→ **Work required**
A verbatim copy of all the data is required, minus any images.

→ **Collected data**
• • • • • • •
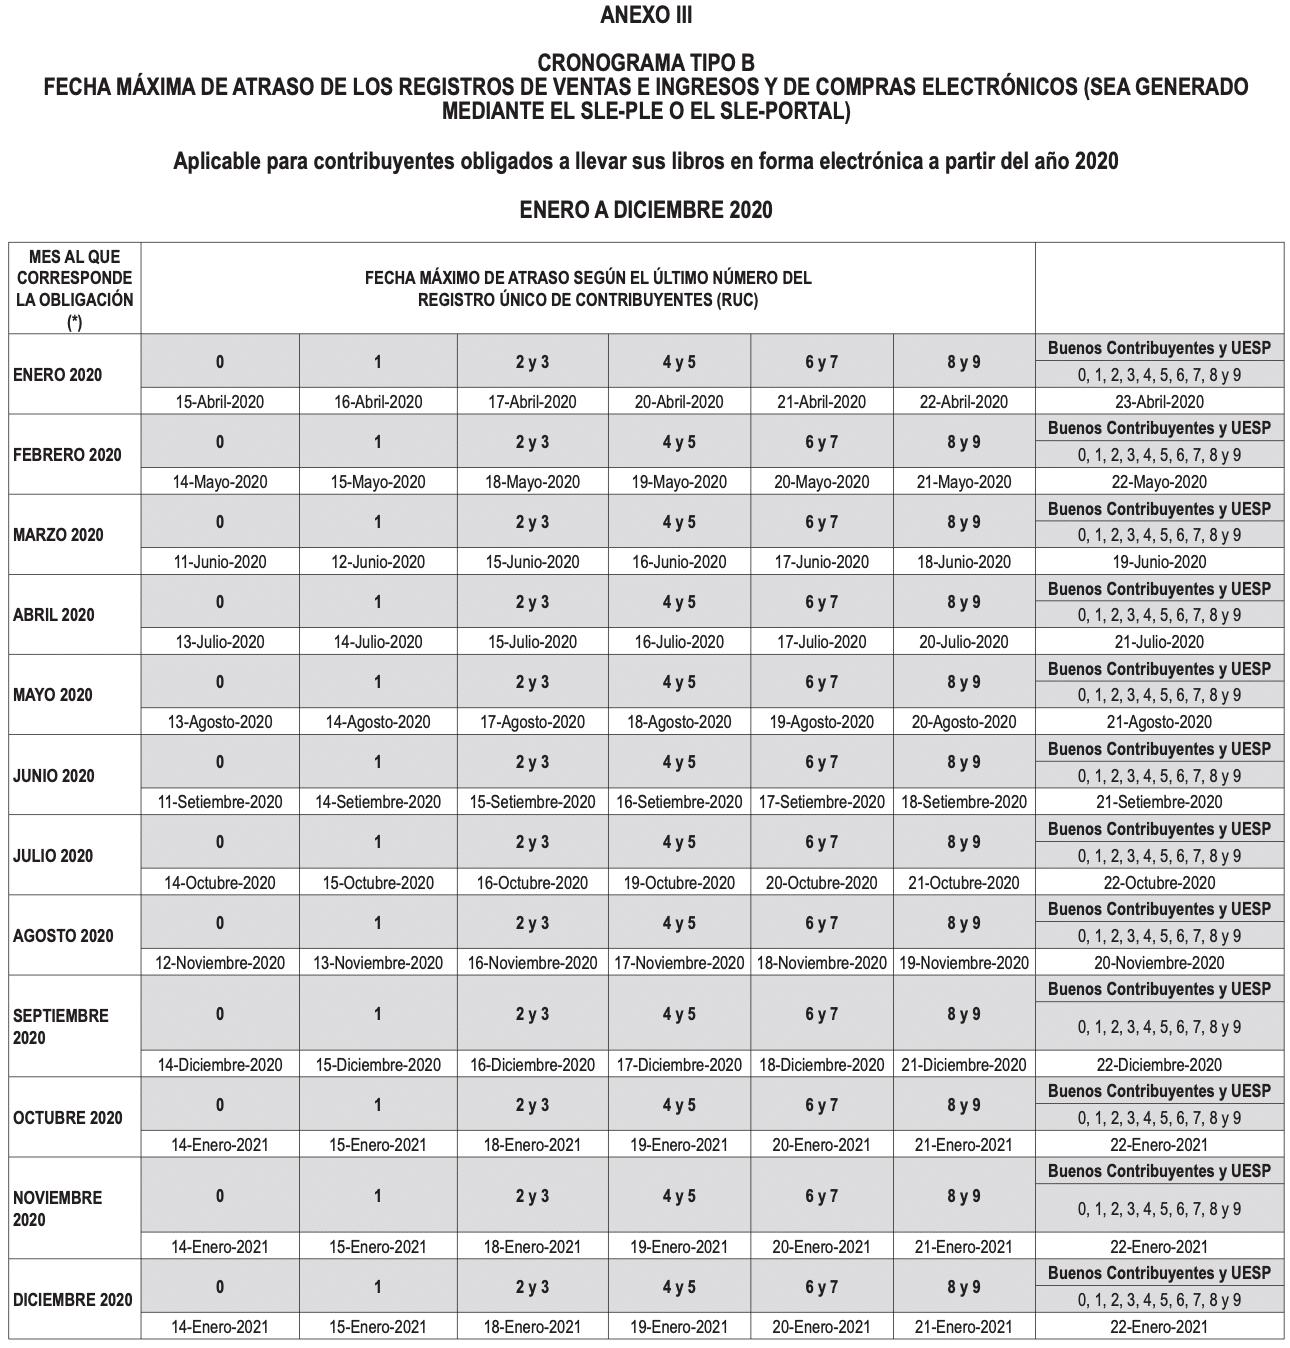 Cronograma Tipo B Libros Electrónicos 2020
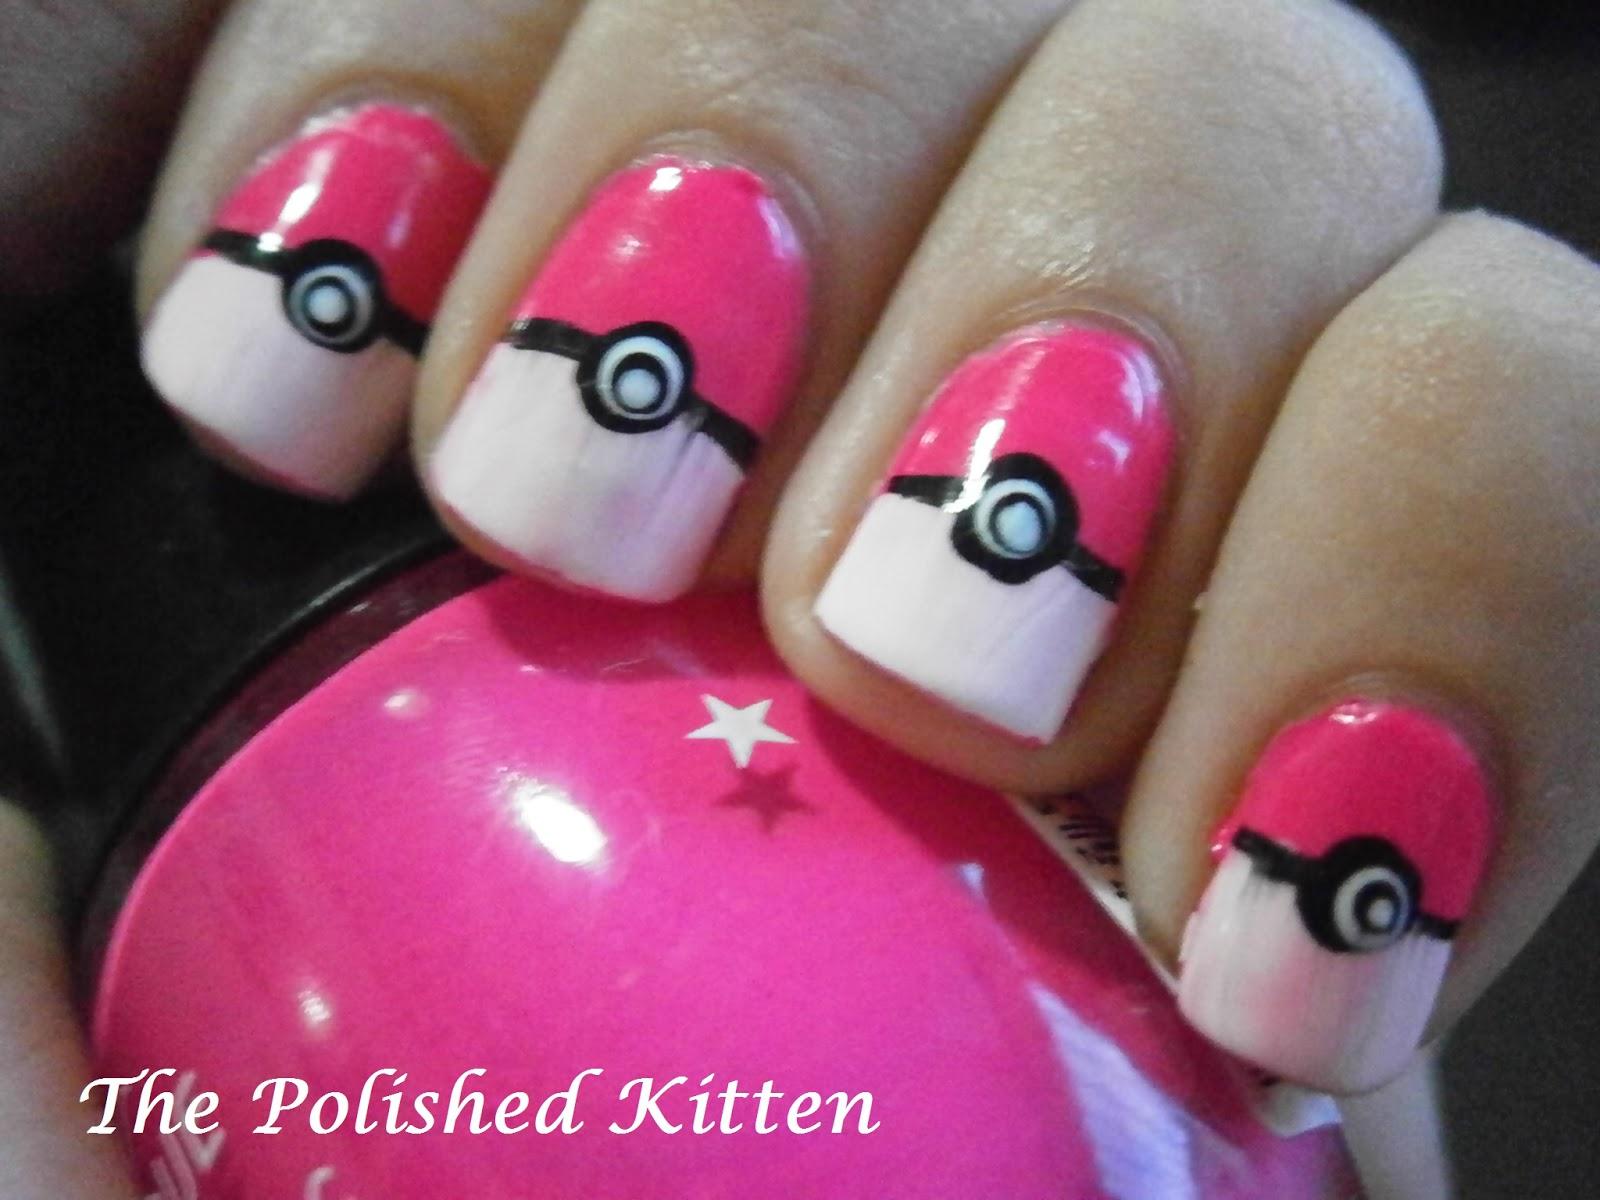 The Polished Kitten: pokeball nail art
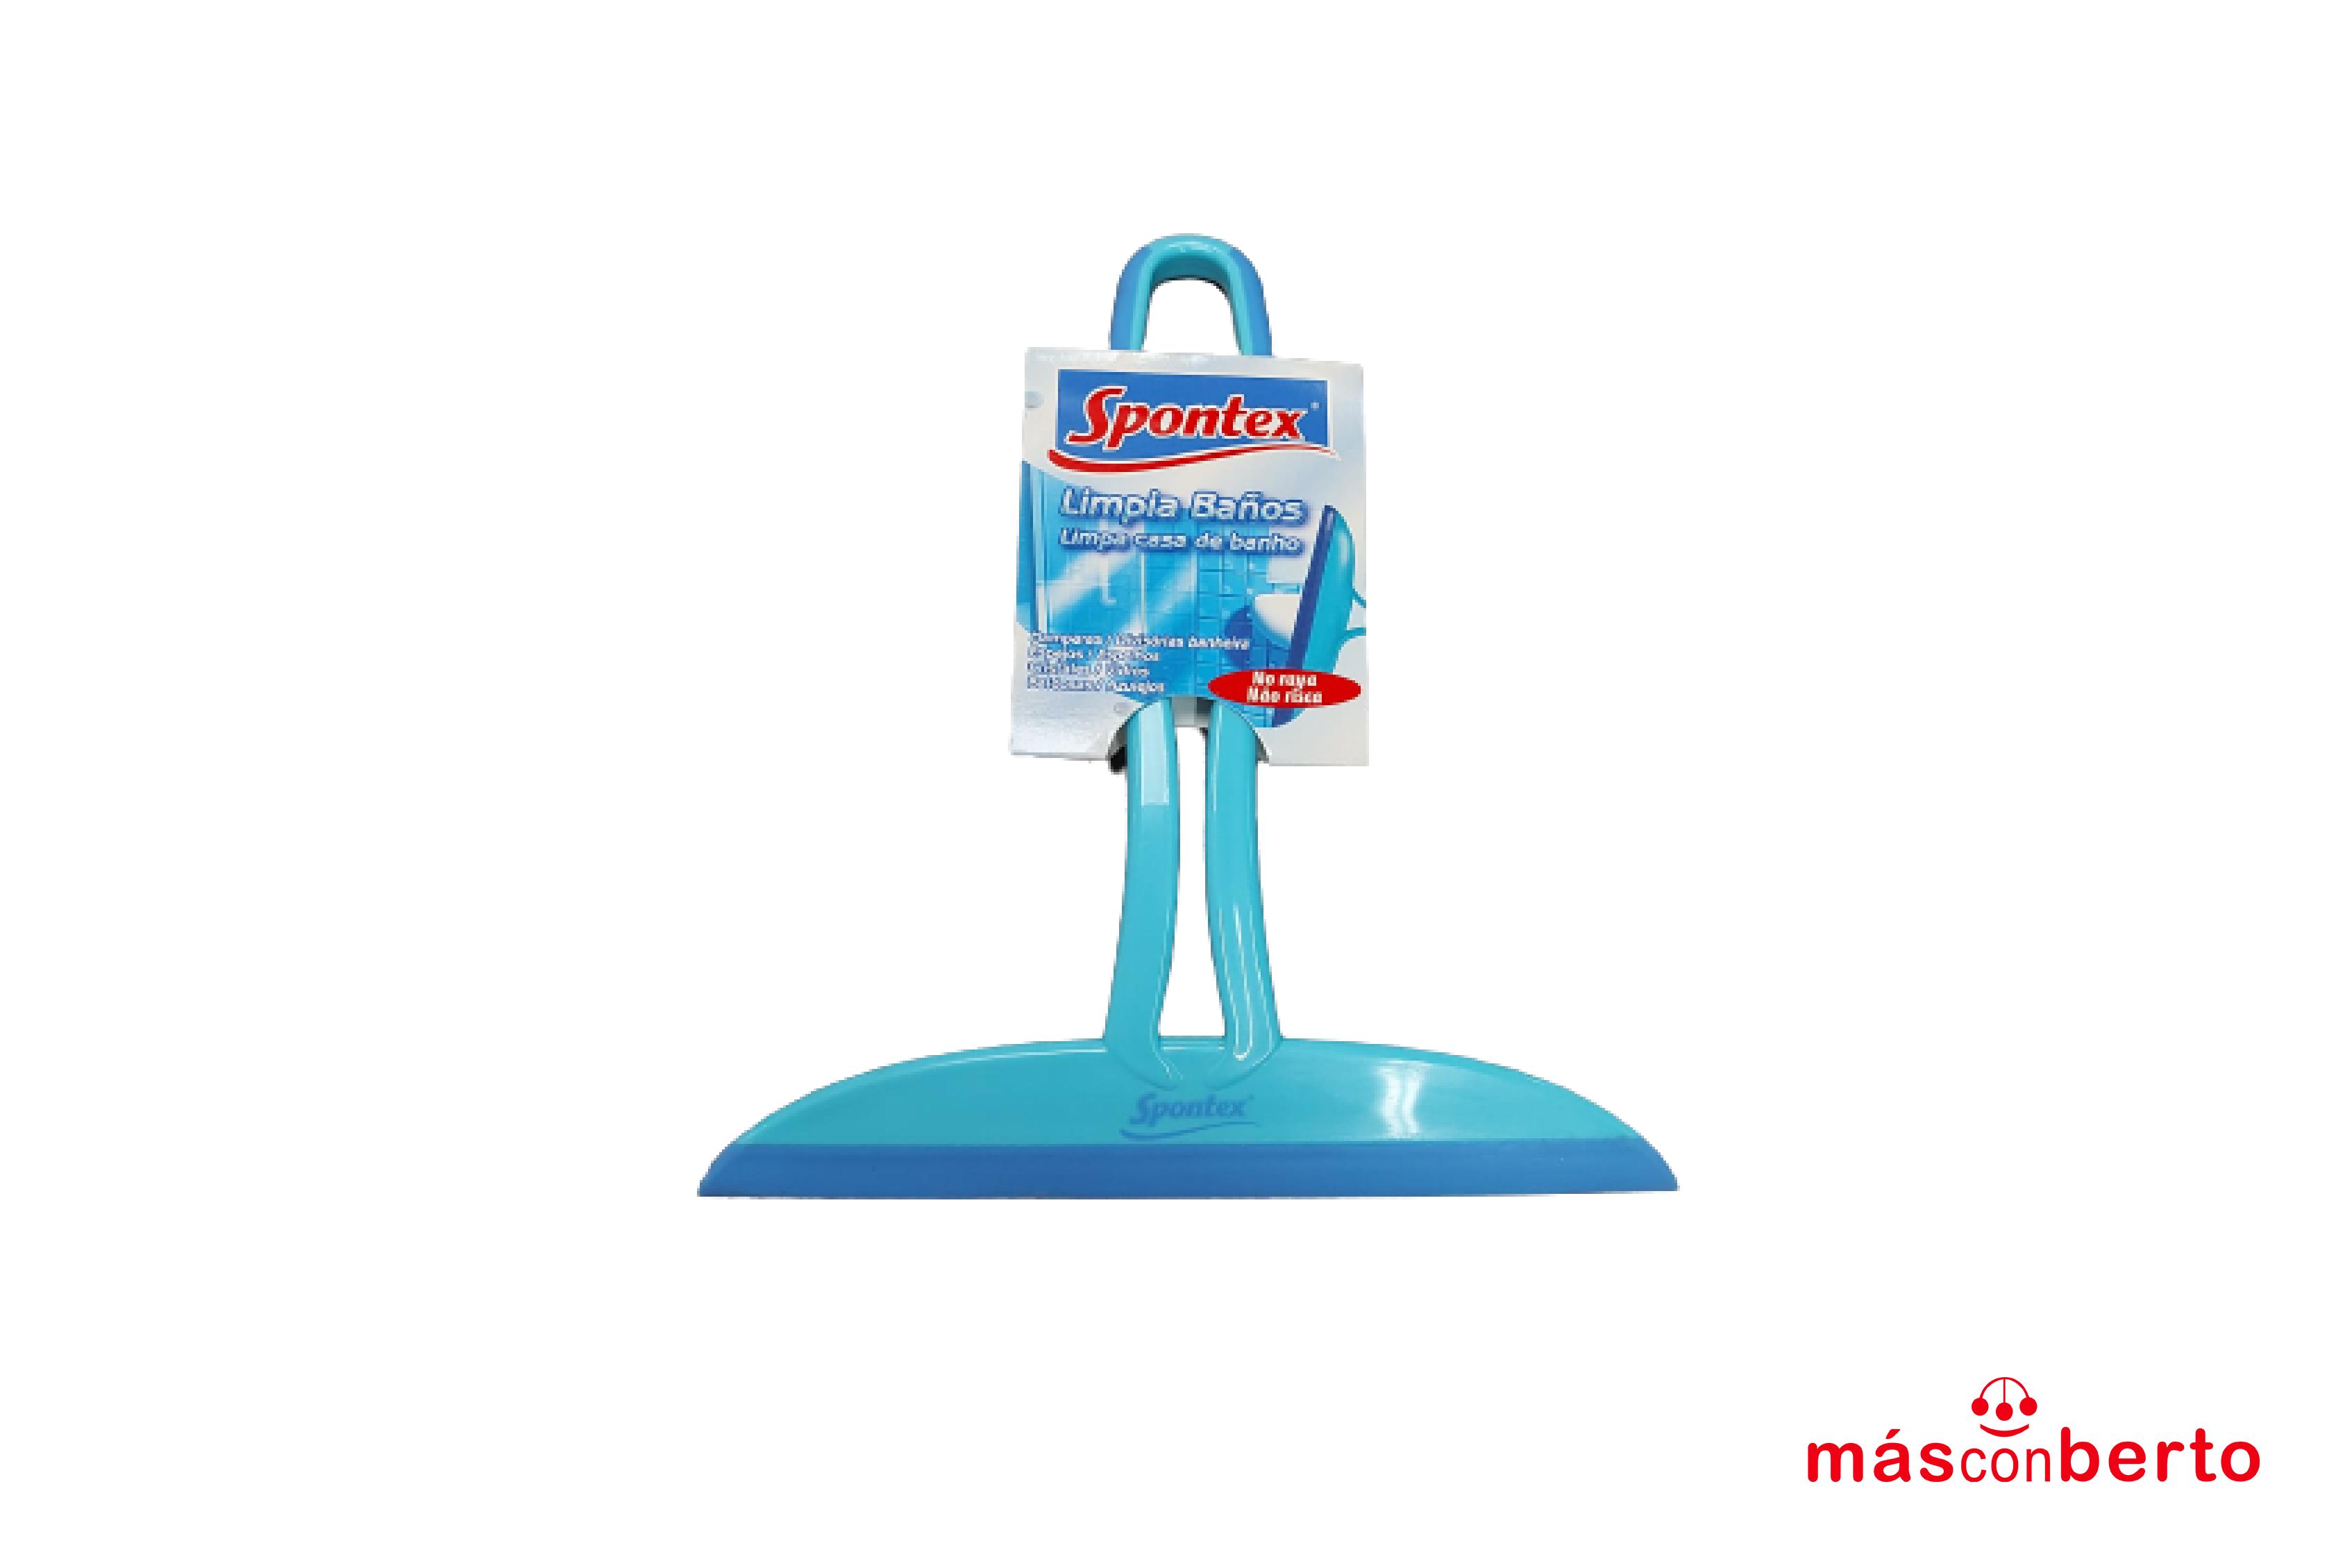 Limpia mamparas manual Spontex
• • • • • • •
→ **Task result**
 Cronograma Tipo B Libros Electrónicos 2020
 The Polished Kitten: pokeball nail art
 Limpia mamparas manual Spontex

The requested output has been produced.